Ferdinand Keilmann gehörte zu der Generation, die im Bewußtsein aufwuchs, daß Deutschland den ersten Weltkrieg nie würde verlieren können. Diese Haltung wurde ihm bereits in den ersten Schuljahren immer wieder vorgelebt und der Patriotismus seines Vaters spielte in diesem Zusammenhang sicherlich eine bedeutende Rolle. Von dieser Sichtweise über Jahre massiv beeinflußt, mußte die Kapitulation und die für Deutschland niederschmetternden Bedingungen des Versailler Vertrages zwangsläufig einen tiefen Einschnitt in die Entwicklung des eigenen Selbstbewußtseins bedeuten. Keilmann erlebte die Niederlage des Ersten Weltkriegs vielleicht weniger als politischer denn als persönliche Krise - als sein Vater aus dem Krieg zurück kam, war die Ehe der Eltern in einer äußerst kritischen Phase, die Familie lebte in sehr bedrückenden Verhältnissen und er selbst litt stark an seiner Rachitis-Erkrankung. Ob Keilmann auch diese familiäre Krise mit der Zeit der Gründung der Weimarer Republik in Verbindung gebracht hat, ist heute zwar nicht genau nachprüfbar, allerdings hat er später, als diese Republik wankte, die Gelegenheit genutzt, in diesem Kampf auf Seiten der Republikgegner zu kämpfen.

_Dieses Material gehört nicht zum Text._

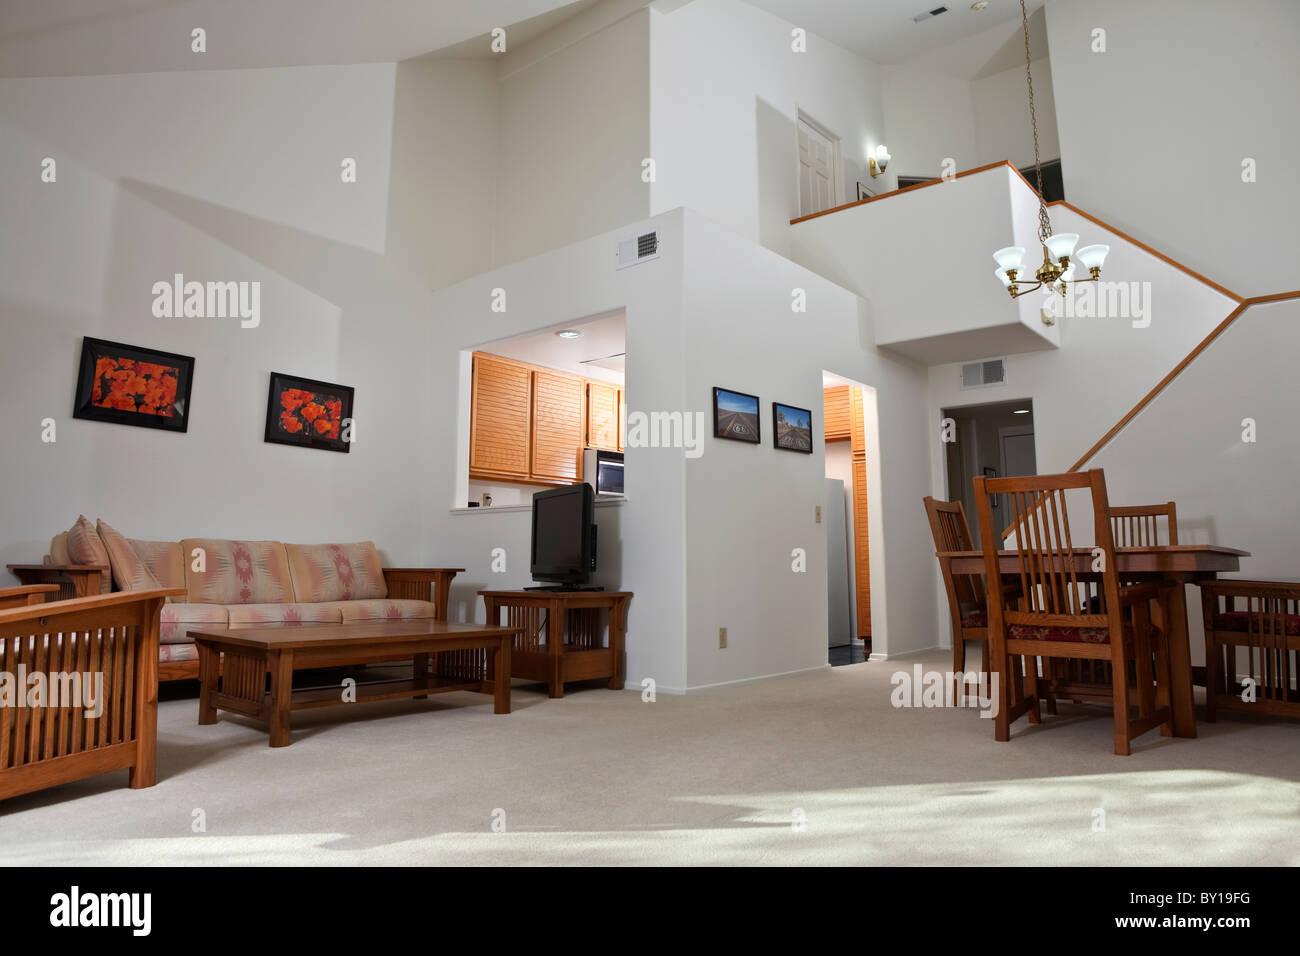 Condo de style maison de la Californie ensoleillée salle de séjour. L'art mural (photos) sont le travail Photo Stock
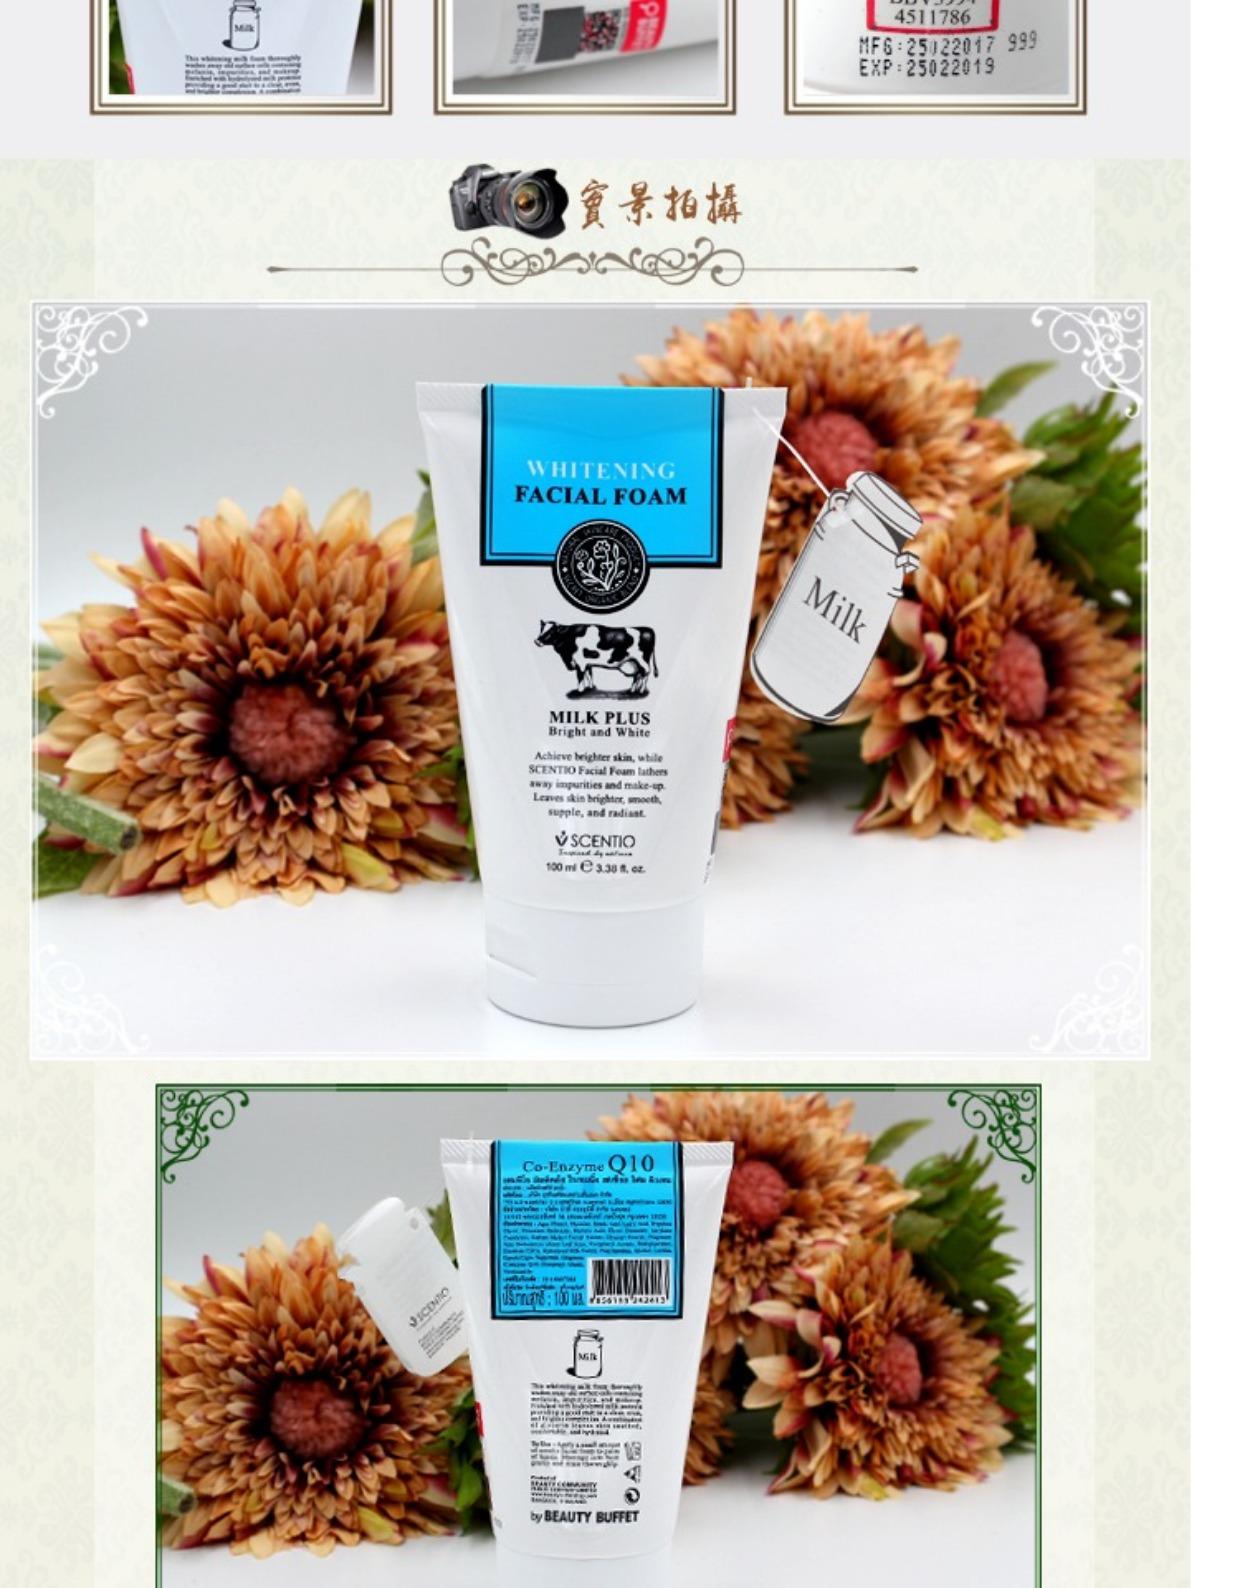 天天特价泰国BeautyBuffet Q10牛奶洗面奶 补水保湿氨基酸洁面乳5张

Die Gründungsphase der Weimarer Republik war also vermutlich für ihn negativ besetzt, hinzu kam immer wieder die fehlende Unterstützung durch seinen Vater. Trotz aller Ablehnung, die er aufgrund seiner körperlichen Verfassung erfahren mußte, fragte Keilmann seinen Vater bei schwierigen Entscheidungen bis in die Mitte der 30er Jahre immer wieder um Rat; der Ton der Fragen kann als beinahe unterwürfig bezeichnet werden. Der Vater, der für ihn zum Teil die beruflichen Entscheidungen traf, war Lehrer in vierter Generation. Es ist anzunehmen, daß aus dieser familiären Prägung die Orientierung auf Beschäftigungsverhältnisse in der öffentlichen Verwaltung entstand. So ging der Antrag bei der Stadt Aschaffenburg auf die Initiative von Ferdinand Keilmann sen. zurück. In einem festgefügten System spielte der fehlende Geschäftssinn keine Rolle. Die folgenden fünf Jahre des wirtschaftlichen Fortschritts in Deutschland liefen an Keilmann weitestgehend vorbei, da er sich bis 1927 noch in der Berufsausbildung befand; die anschließende Beschäftigung bei regional bekannten Architekten mußte er aufgeben, als die Weltwirtschaftskrise einsetzte. Um nicht in die direkte Arbeitslosigkeit zu geraten, ging Keilmann an die Staatliche Hochschule für Handwerk und Baukunst in Weimar, wo er vermutlich erstmals direkt mit den politischen Ideen der Nationalsozialisten konfrontiert wurde, die eine zukünftige Besserstellung des eigenen (zukünftigen) Berufsstandes sowie der gesamten deutschen Wirtschaft versprachen. In seinem Elternhaus fanden zwar auch Gespräche über politische Themen statt, jedoch konnte sich Keilmann gegenüber seinem Vater mit seinen Überzeugungen nicht durchsetzen oder traute sich nicht, zu seiner Meinung zu stehen – zu sehr fürchtete er wohl dessen Kritik.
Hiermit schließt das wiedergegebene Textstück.